Code of the paper "Part Detector Discovery in Deep Convolutional Neural Networks" by Marcel Simon, Erik Rodner and Joachim Denzler

Overview

Part Detector Discovery

This is the code used in our paper "Part Detector Discovery in Deep Convolutional Neural Networks" by Marcel Simon, Erik Rodner and Joachim Denzler published at ACCV 2014. If you would like to refer to this work, please cite the corresponding paper

@inproceedings{Simon14:PDD,
  author = {Marcel Simon and Erik Rodner and Joachim Denzler},
  booktitle = {Asian Conference on Computer Vision (ACCV)},
  title = {Part Detector Discovery in Deep Convolutional Neural Networks},
  year = {2014},
}

The following steps will guide you through the usage of the code.

1. Python Environment

Setup a python environment, preferably a virtual environment using e. g. virtual_env.
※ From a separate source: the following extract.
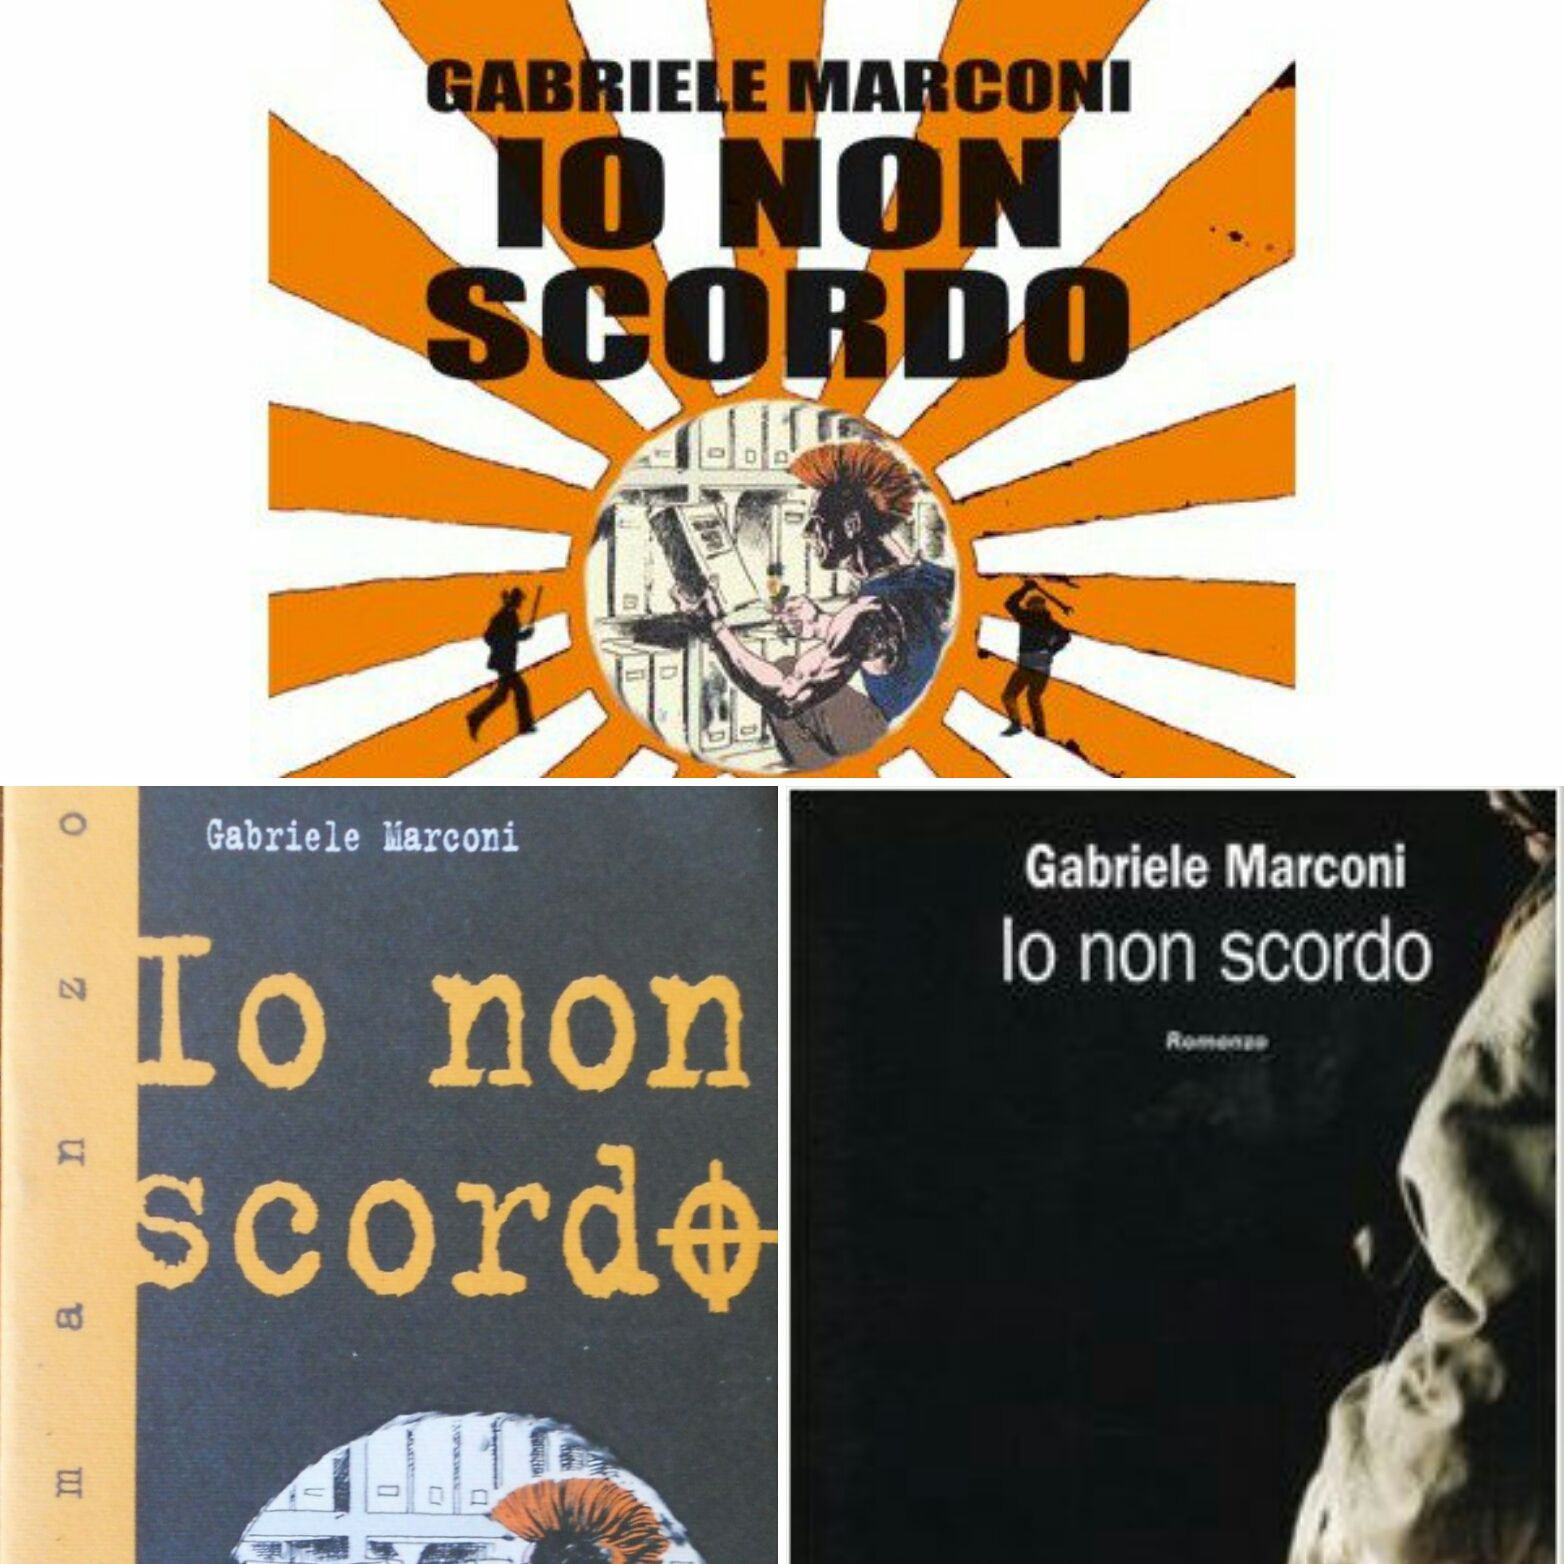 """""""Io non scordo"""" di Gabriele Marconi, e voi non vi scordate di prenderlo (prima che sparisca!)"""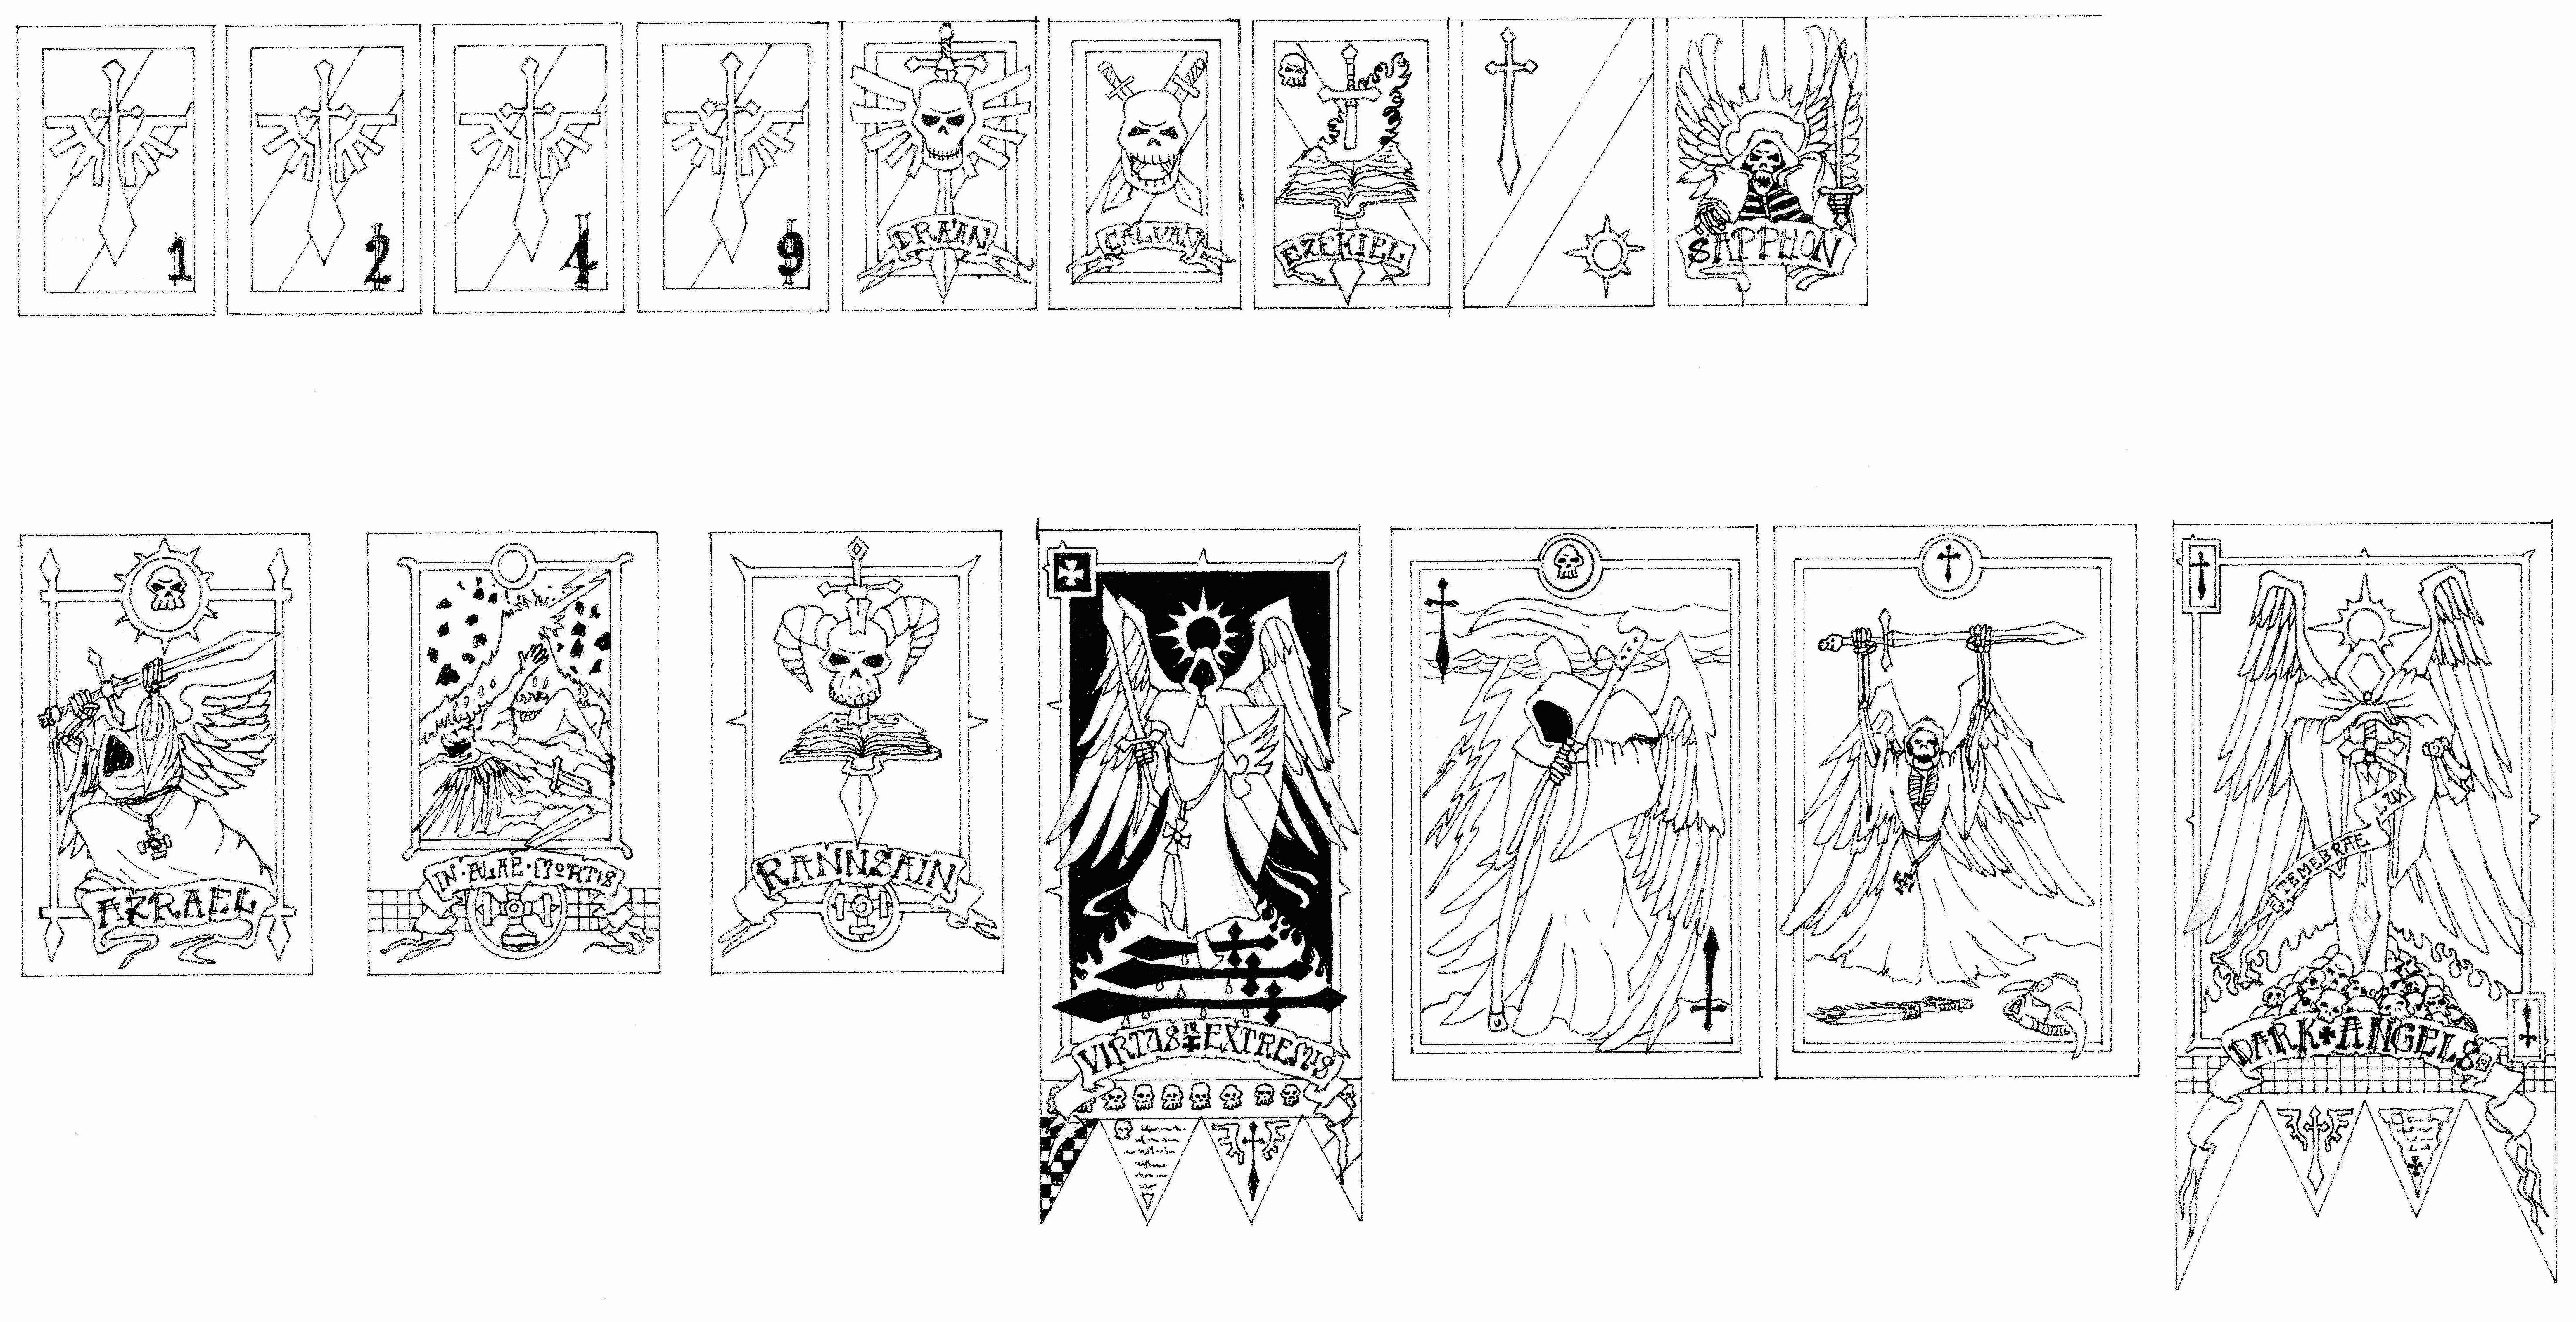 Banner, Dark Angels, Warhammer 40,000

The requirements file might install more than you need.

virtualenv pyhton-env && pip install -r requirements.txt

2. DeCAF Installation

Build and install decaf into this environment

source python-env/bin/activate
cd decaf-tools/decaf/
python setup.py build
python setup.py install

3. Pre-Trained ImageNet Model

Get the decaf ImageNet model:

cd decaf-tools/models/
bash get_model.sh

You now might need to adjust the path to the decaf model in decaf-tools/extract_grad_map.py, line 75!

4. Gradient Map Calculation

Now you can calculate the gradient maps using the following command. For a single image, use decaf-tools/extract_grad_map.py :

usage: extract_grad_map.py [-h] [--layers LAYERS [LAYERS ...]] [--limit LIMIT]
                           [--channel_limit CHANNEL_LIMIT]
                           [--images pattern [pattern ...]] [--outdir OUTDIR]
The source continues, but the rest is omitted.